Almost anyone is familiar with web pages (otherwise you would not be here), but what if we tell you that how you see a site is different from how Google or your browser does?

In fact, when you type any site address in your browser, your browser will download and render the page for you, but for rendering the page it needs some instructions.

There are 3 types of instructions:

  • HTML: describes a web page’s infrastructure;
  • CSS: defines the appearance of a site;
  • JavaScript: decides the behavior of the page.

Web scraping is the art of extracting information from the HTML, CSS and Javascript lines of code.

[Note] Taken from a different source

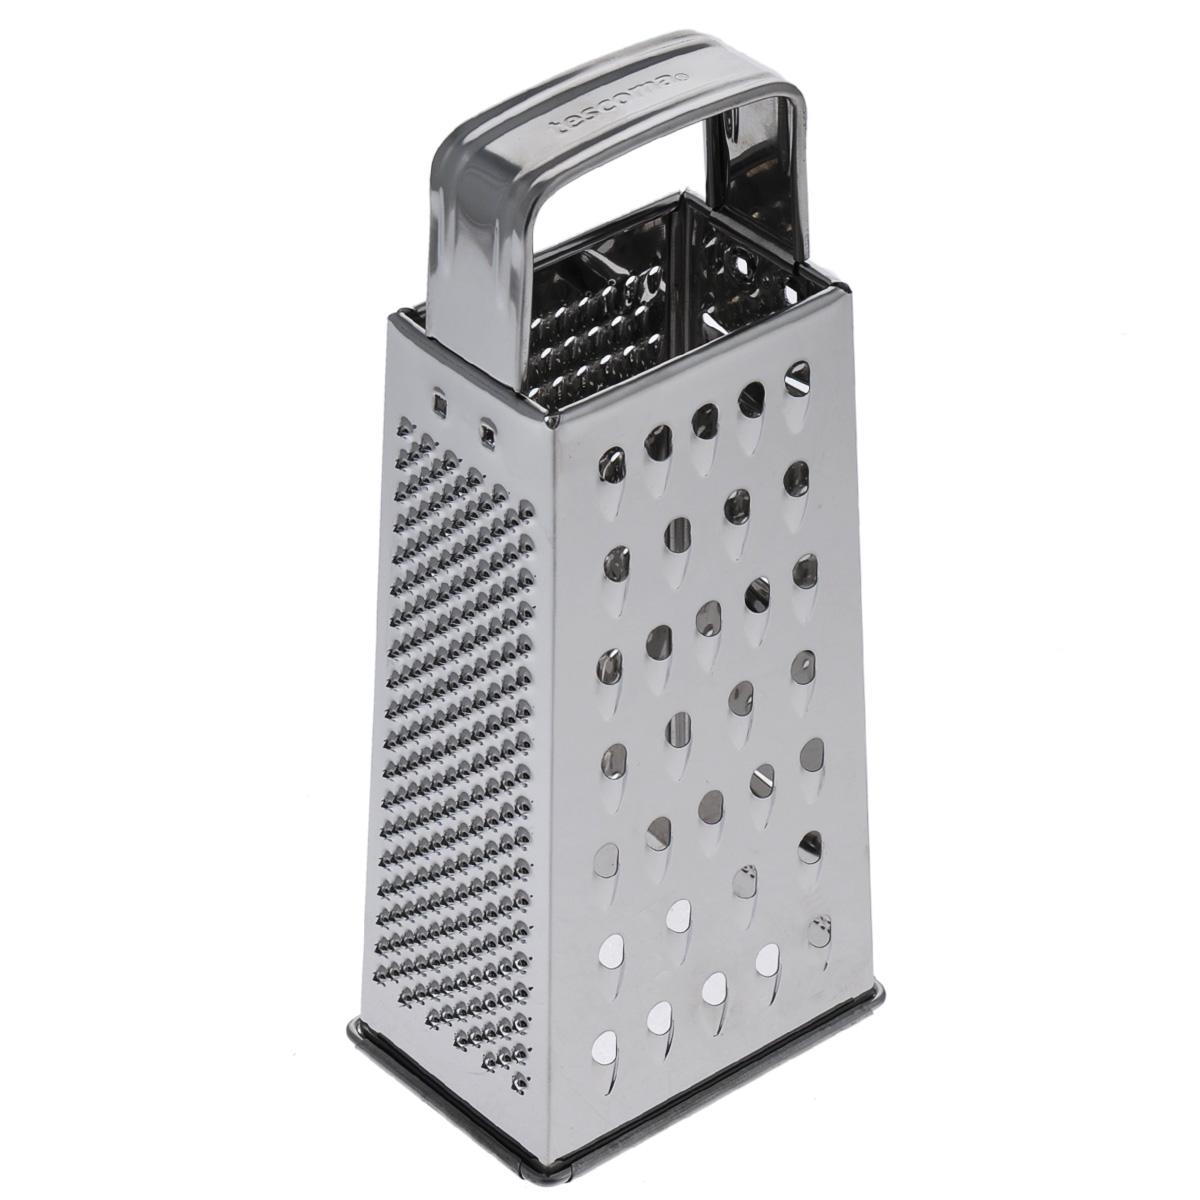 Терка четырехгранная Tescoma Handy643740Четырехгранная терка Tescoma Handy, выполненная из высококачественной нержавеющей стали с зеркальной полировкой, станет незаменимым атрибутом приготовления пищи. Сверху на терке находится удобная ручка. На одном изделие представлены четыре вида терок - крупная, мелкая, фигурная и нарезка ломтиками. Современный стильный дизайн позволит терке занять достойное место на вашей кухне.Можно мыть в посудомоечной машине.

The term usually refers to an automated process, which is less error-prone and faster than gathering data by hand.

It is important to note that web scraping can raise ethical concerns, as it involves accessing and using data from websites without the explicit permission of the website owner. It is a good practice to respect the terms of use for a website, and to seek written permission before scraping large amounts of data.

This article aims to cover the basics of how to do web scraping in R. We will conclude by creating a database on Formula 1 drivers from Wikipedia.

Note that this article doesn’t want to be exhaustive on topic. To learn more, see this section.

HTML and CSS

Before starting it is important to have a basic knowledge of HTML and CSS. This section aims to briefly explain how HTML and CSS work, to learn more we leave you some resources at the bottom of this article.

Feel free to skip this section if you already are knowledgeable in this topic.

Starting from HTML, an HTML file looks like the following piece of code.

<!DOCTYPE html>
<html lang="en">
<body>

<h1 href="https://en.wikipedia.org/wiki/Carl_Friedrich_Gauss"> Carl Friedrich Gauss</h1>
<h2> Biography </h2>
<p> Johann Carl Friedrich Gauss was born on 30 April 1777 in Brunswick. </p>
<h2> Profession </h2>
<p> Gauss is considered as one of the greatest mathematician, statistician and physicist of all time. </p>

</body>
</html>

Those instructions produce the following:

As you read above, HTML is used to describe the infrastructure of a web page, for example we may want to define the headings, the paragraphs, etc.

This infrastructure is represented by what are called tags (for example <h1>...<\h1> or <p>...<\p> are tags). Tags are the core of an HTML document as they represent the nature of what is inside the tag (for example h1 stands for heading 1). It is important to observe that there are two types of tags:

  • starting tags (e.g. <h1>)
  • ending tags (e.g. <\h1>)

This is what allows to nest different tags.

Tags can also have attributes, for example in <h1 href="https://en.wikipedia.org/wiki/Carl_Friedrich_Gauss"Carl Friedrich Gauss</h1>, href is an attribute of the tag h1 that specifies an URL.

As the output of the above HTML code is not super elegant, CSS is used to style the final website. For example CSS is used to define the font, the color, the size, the spacing and many more features of a website.

What is important for this article are CSS selectors, which are patterns used to select elements. The most important is the .class selector, which selects all elements with the same class. For example the .xyz selector selects all elements with class="xyz".

Web scraping vs. APIs

Going back to web scraping, you may know that APIs are another way to access data from websites and online services.

In fact an API is a set of rules and protocols that allows two different software systems to communicate with each other. When a website or online service provides an API, it means that they have made it possible for developers to access their data in a structured and controlled way.

Why does web scraping exist if APIs are so powerful and do exactly the same work?

The main difference between web scraping and using APIs is that APIs are typically provided by the website or service to allow access to their data, while web scraping involves accessing data without the explicit permission of the website owner.

This means that using APIs is generally considered more ethical than web scraping, as it is done with the explicit permission of the website or service.

However, there are also some limitations to using APIs:

  • many APIs have rate limits, which means that they will only allow a certain number of requests to be made within a certain time period, i.e. you may not access large amounts of data;
  • not all websites or online services provide APIs, which means the only way to access their data is via web scraping.

Web scraping in R

There are several packages for web scraping in R, every package has its strengths and limitations. We will cover only the rvest package since it is the most used.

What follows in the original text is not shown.